Andhra Pradesh Payment of Wages Rules, 1937

Background

The Andhra Pradesh Payment of Wages Rules, 1937 were framed under the Payment of Wages Act, 1936 to regulate the timely payment of wages and safeguard employees from unfair deductions. These rules lay down the procedure for permissible deductions such as fines, recovery for damage or loss, recovery of advances, provision of amenities, housing, and contributions to cooperative societies or insurance schemes. They also specify the employer’s responsibility to maintain registers, provide transparency, and display abstracts of the Act for workers’ awareness.

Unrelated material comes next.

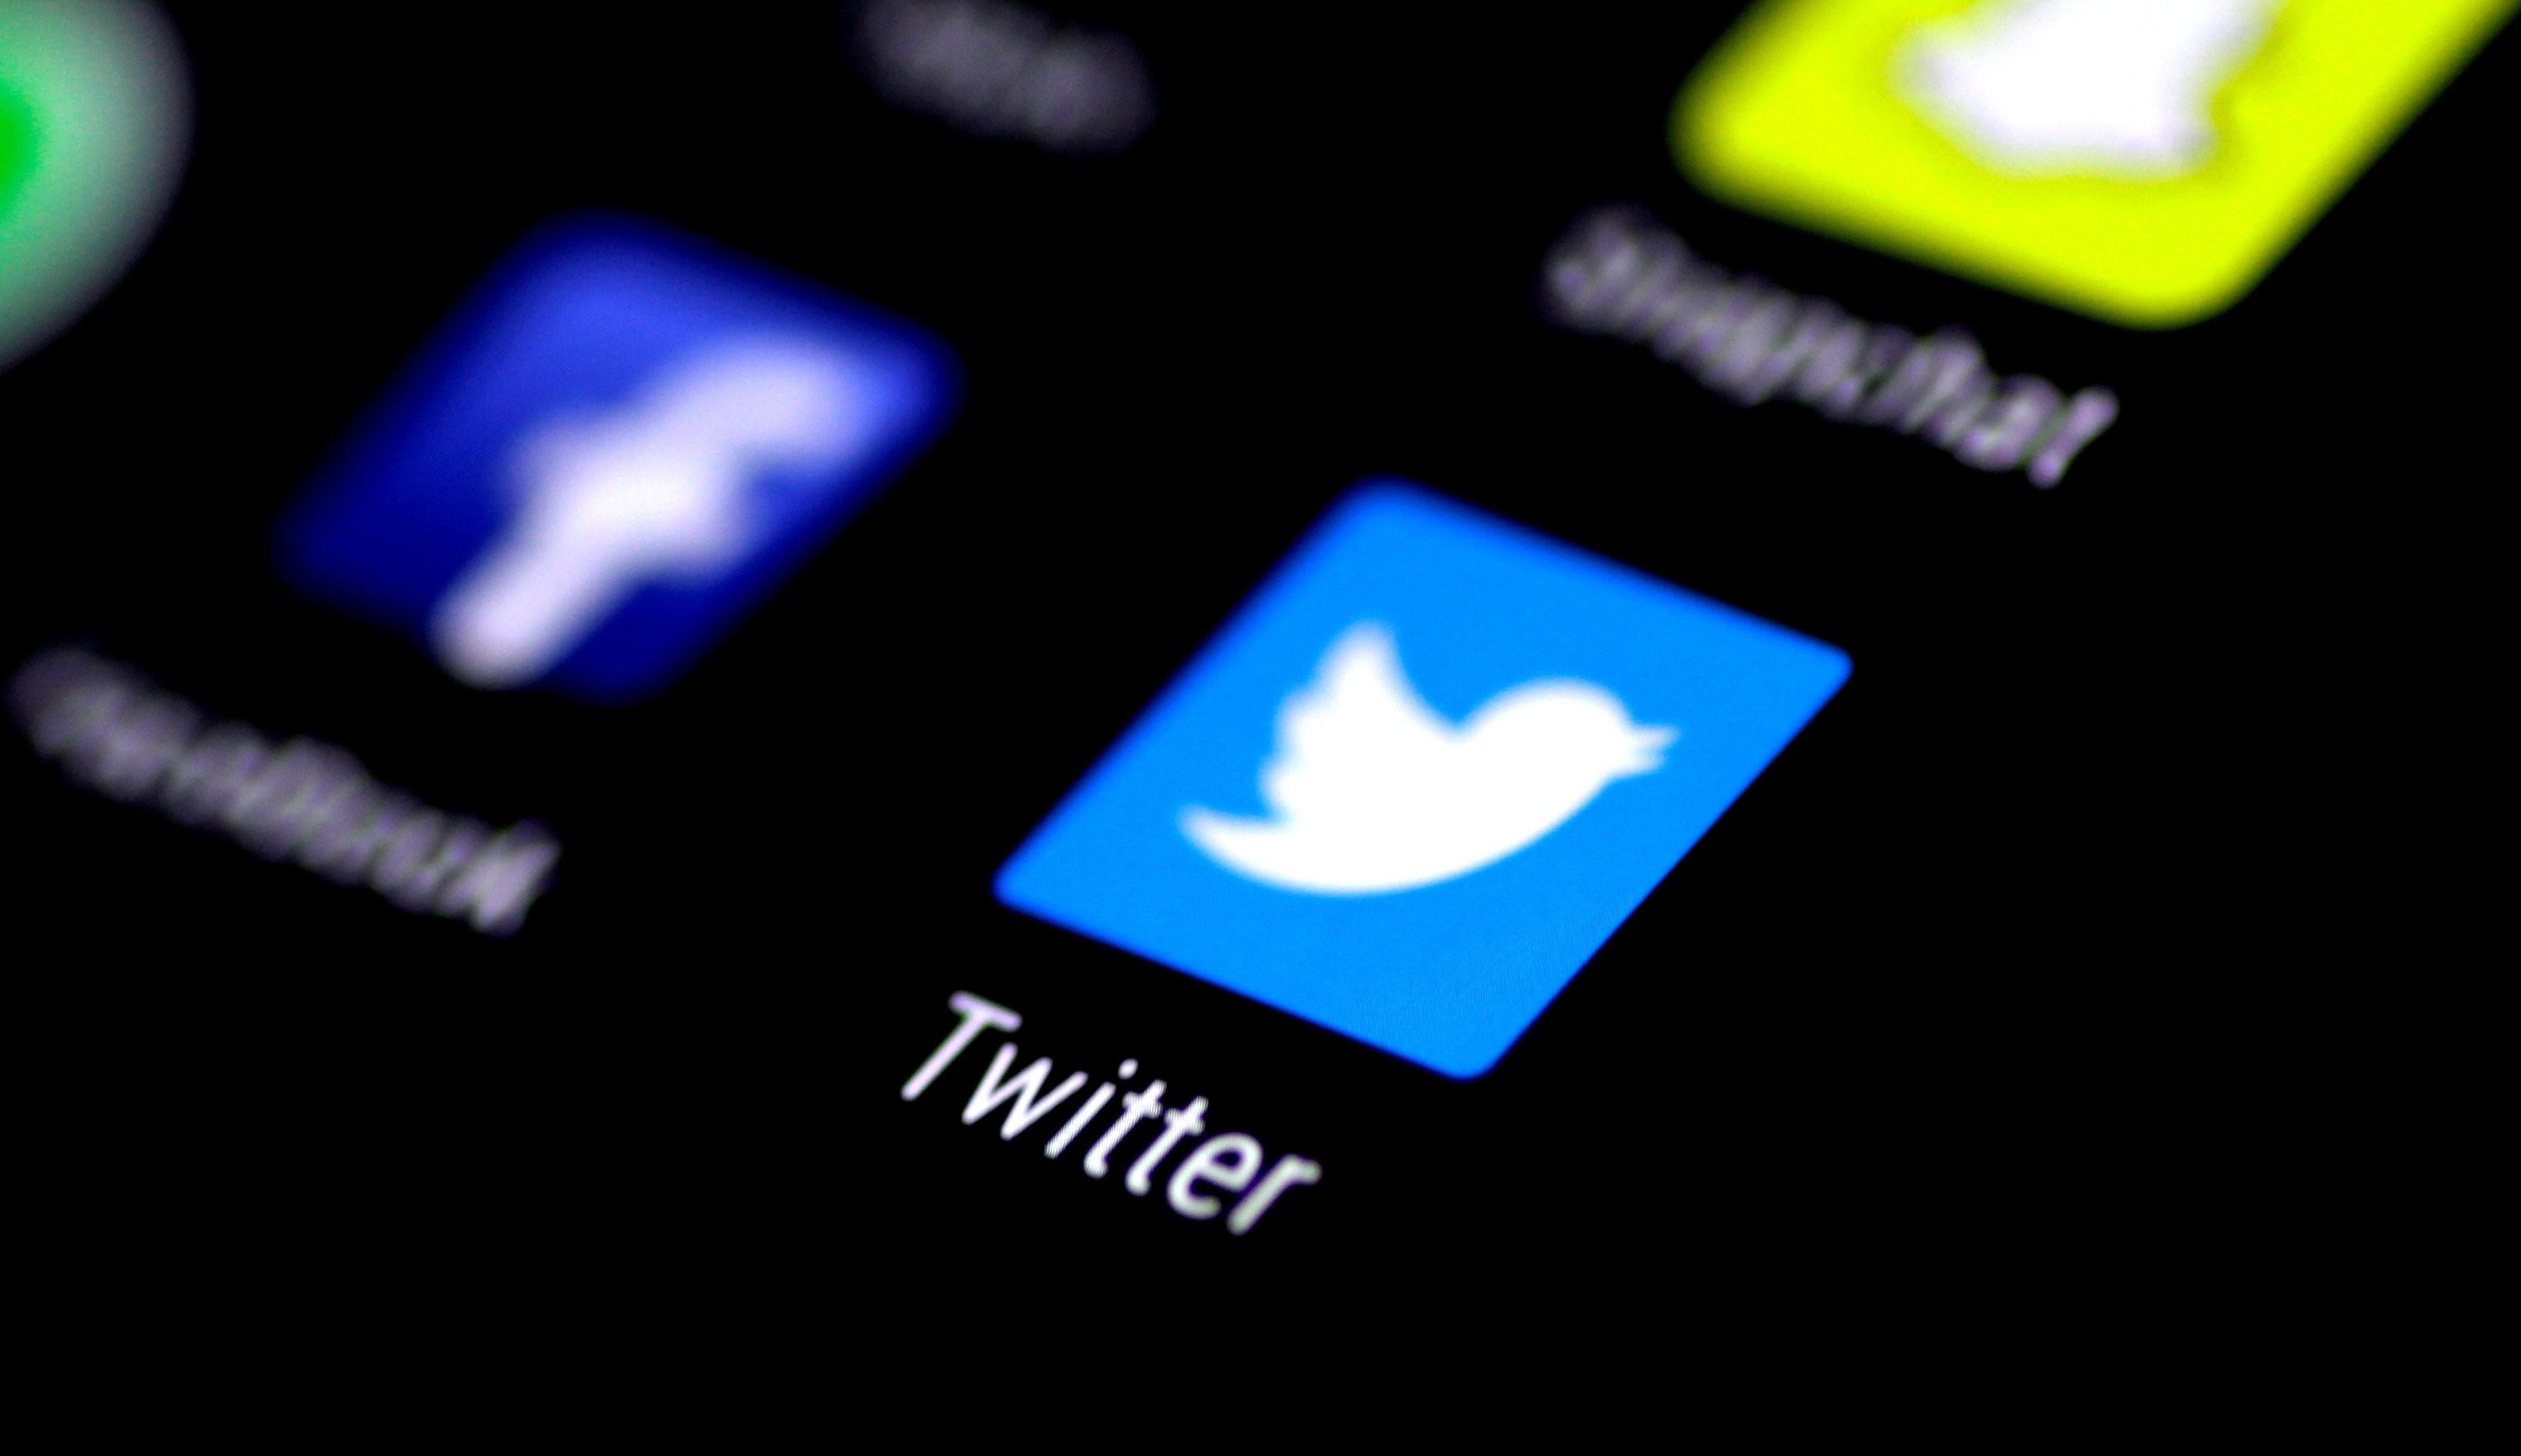 O que acontece quando um post no Twitter é marcado como enganoso

The intention was to create a uniform legal framework that balances the employer’s right to recover legitimate dues with the employee’s right to fair and regular wages.

Applicability:

These rules apply to:

  • The payment of wages to persons employed in any factory, to persons employed otherwise than in a factory upon any railway by a railway administration or, either directly or through a sub-contractor, by a person fulfilling a contract with a railway administration, and to persons employed in an industrial or other establishment specified in sub-clauses (a) to (g) of clause (ii) of section 2 of the Payment of Wages Act, 1936.
  • Wages payable to an employed person in respect of a wage period if such wages for that wage period do not exceed twenty four thousand rupees per month or such other higher sum which, on the basis of figures of the Consumer Expenditure Survey published by the National Sample Survey Organisation, the Central Government may, after every five years, by notification in the Official Gazette, specify.

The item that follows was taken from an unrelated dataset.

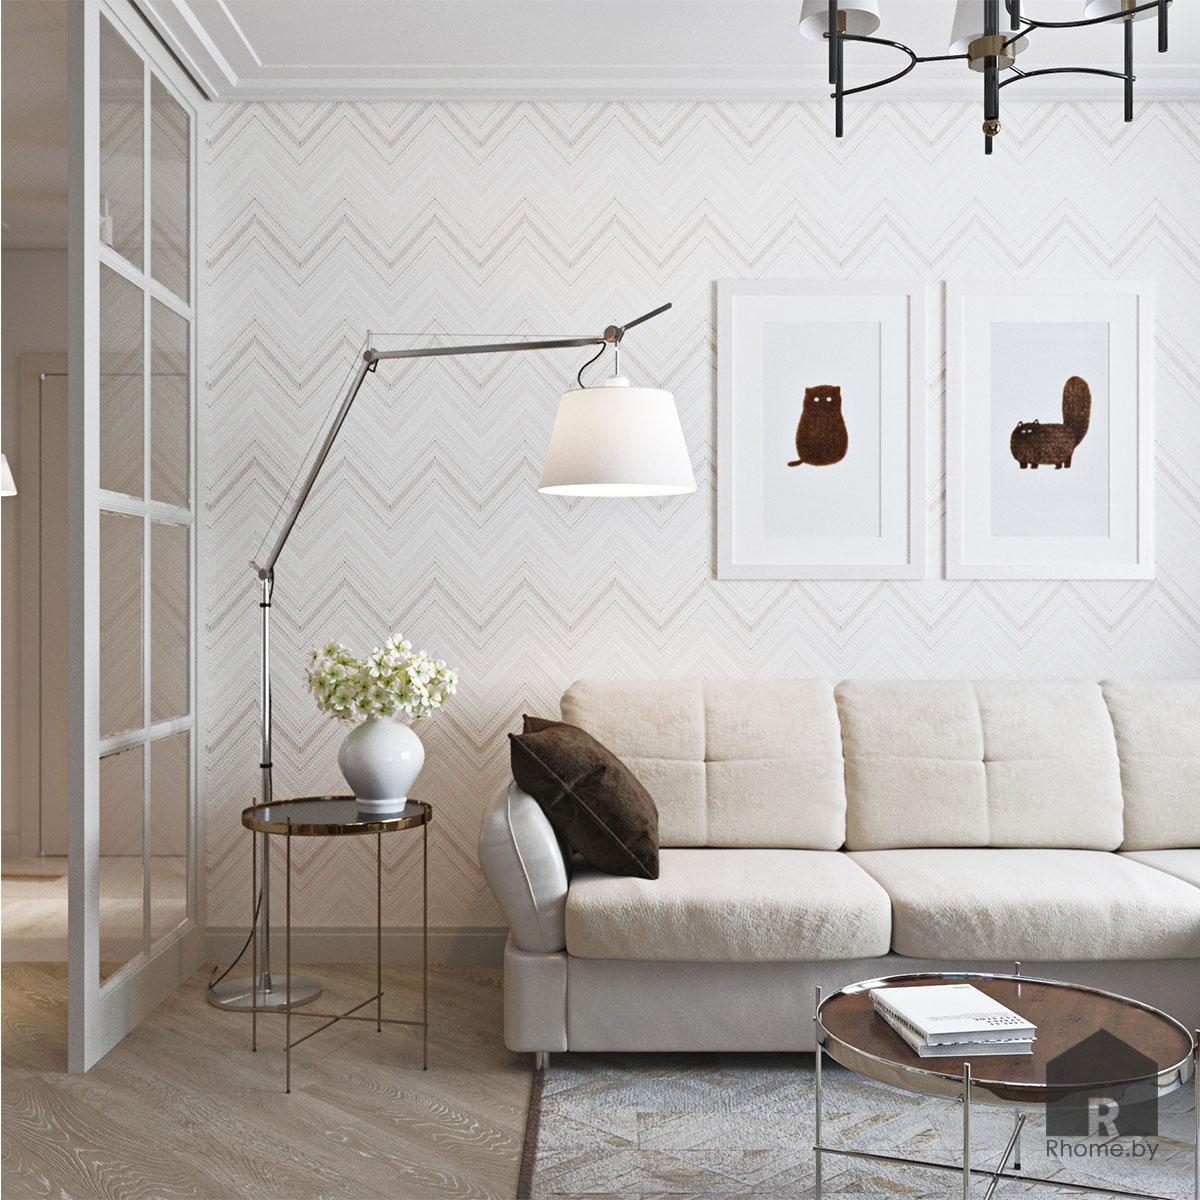 Дизайн интерьера гостиной по ул. Белинского | Дизайн студия – Rhome.by

Compliance requirements under the Rule in accordance with the Act

  1. Maintenance of registers and records in Andhra Pradesh (Rule 5, Section 13A of the Payment of Wages Act)

Every industrial establishment must maintain a record of the salaries or wages paid to employees in any convenient manner for 12 months, while also preserving registers with particulars of employees, work performed, wages, deductions, receipts, and other details for 3 years. The register should contain wages earned during normal working time, overtime hours and wages, leave wages, other allowances, statutory deductions, other deductions with nature, net amount paid, date of payment, and a signed receipt. This ensures transparency in wage administration, provides accountability for employers, and safeguards employee rights.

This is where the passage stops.